Specifically, citing the CBRE, Leitner expects the demand to fall by at least 10 percent and potentially 20-30 percent from where San Francisco’s commercial space has cost in recent years, which was $88 per square foot. Driving the expected drop is the 2 million square feet that will come into the city’s market as soon as possible — space that businesses want to get off their books.
That’s a lot, particularly given that there are already roughly 3.2 million square feet of commercial space available, according to Yasukochi from CBRE, who adds that a significant amount has come onto the market in the last six months alone.
What will happen?
That’s not ideal for tenants, who are hesitant to put a new money amount on the market right now, Leitner knows.
He offers to hold on to and retain new tenants by being realistic and likely making as many concessions as they can. Naturally, they can only do so much. They usually have debt to deal with, which means that if there is a prolonged downturn or less employees come to the workplace, they can depend on their mutual relationship with the lender to see themselves through.
George, the broker based in San Jose, claims that borrowers would be willing to help keep their own investments running.

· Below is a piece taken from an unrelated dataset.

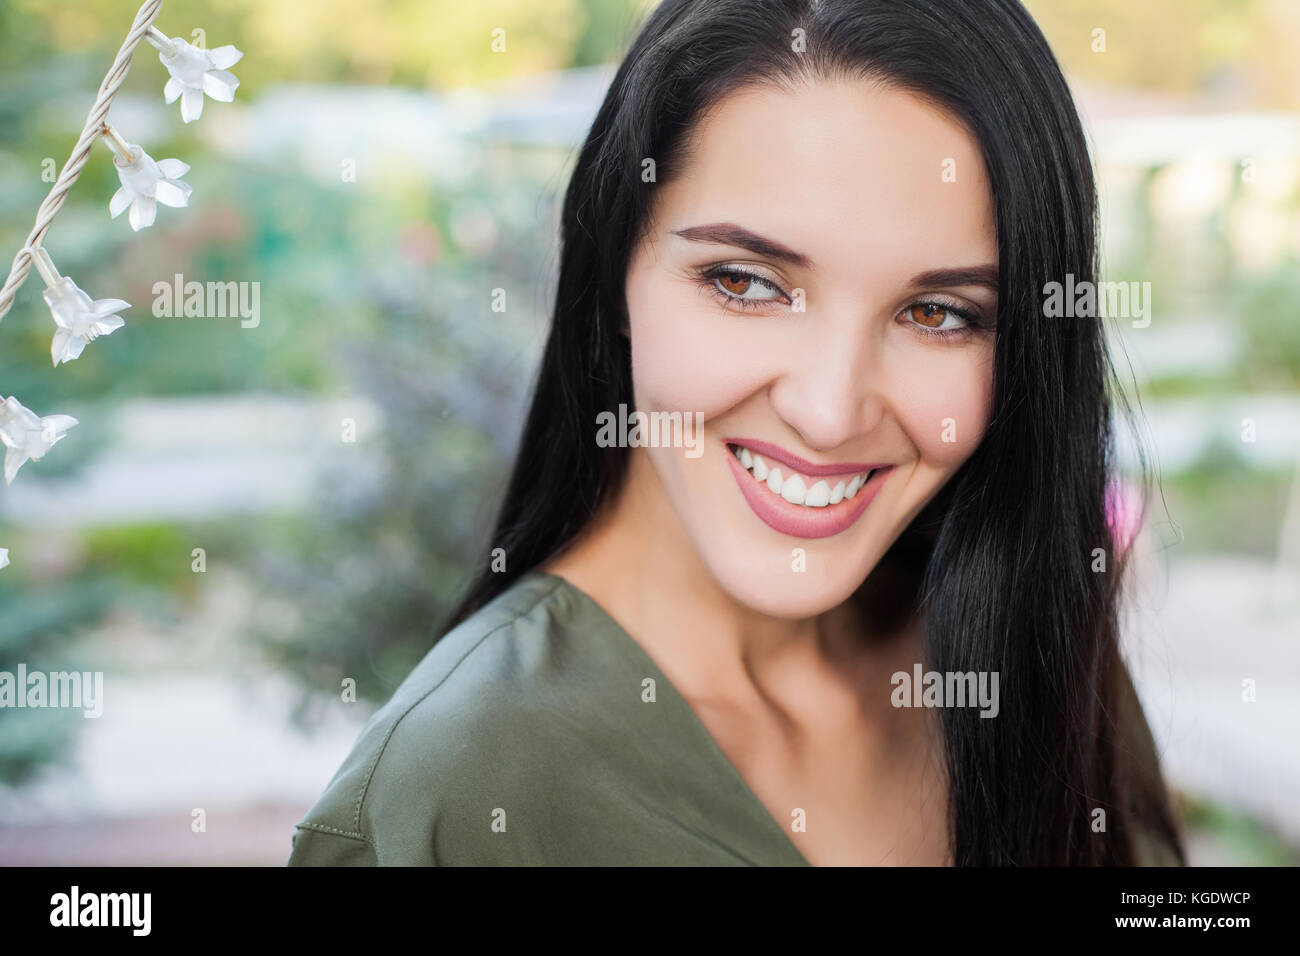 Smiling Beautiful Woman Stock Photo Alamy

The Federal Reserve will also provide banks with the right to delay mortgage payments, making it easier for property owners to defer rent charges.
Even so, it remains to be seen if the commercial real estate market comes back all the way after COVID-19.
Yasukochi noted rightfully that this pandemic is something we’ve never been through before. He says economists at CBRE estimate that the next two quarters will be very tough. At the same time, he says, the four-quarter market might see a substantial upturn.
It really depends on whether demand is coming back, and whether expansion plans are being put on hold, or permanently shelved. For now, he remains hopeful about a return to business as normal, particularly within his San Francisco home market.
He reminded that in the Bay Area, it feels like things go wrong very fast, but usually, they always come back quickly. Industry players definitely count on that.